Two lines in the data below mark the range: the one with "Self Belted Frilled" and the one with "LCS系列全新上市官網獨家販售". Return both, along with every line between them, exactly.

▸ The data:
○ ○ ○
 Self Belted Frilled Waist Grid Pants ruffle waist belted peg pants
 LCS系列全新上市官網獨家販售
○ ○ ○
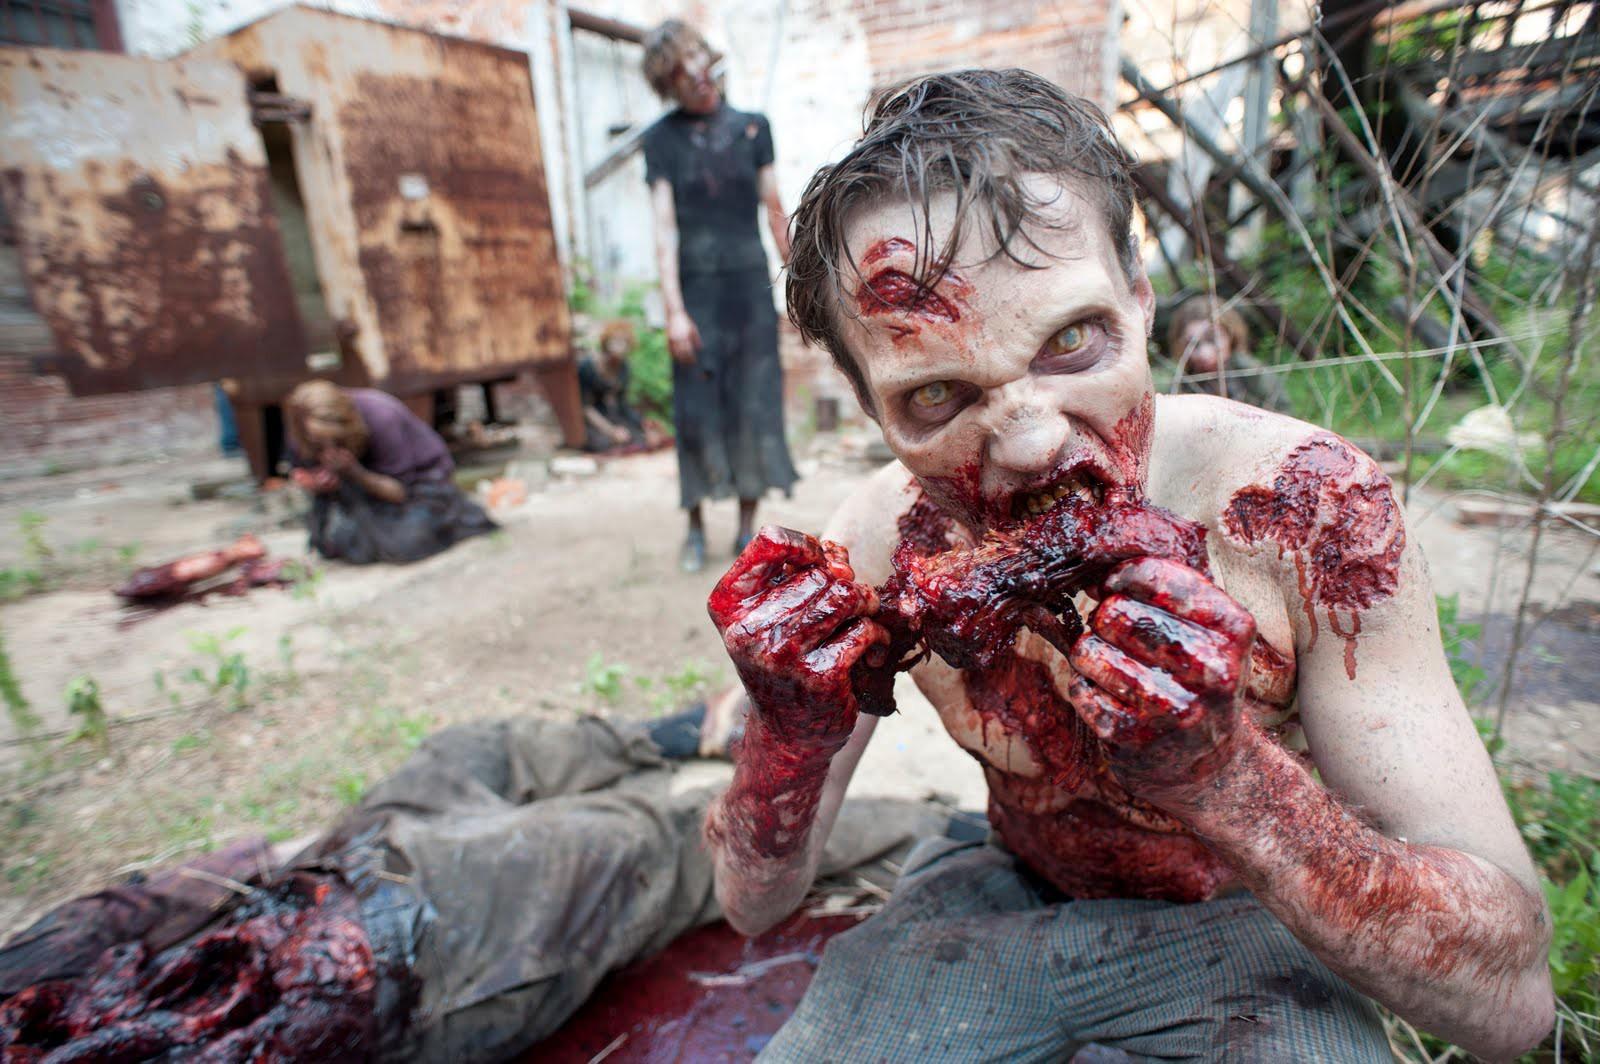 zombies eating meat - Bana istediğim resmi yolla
○ ○ ○
▸ Written answer:
 Self Belted Frilled Waist Grid Pants ruffle waist belted peg pants
 LCS系列全新上市官網獨家販售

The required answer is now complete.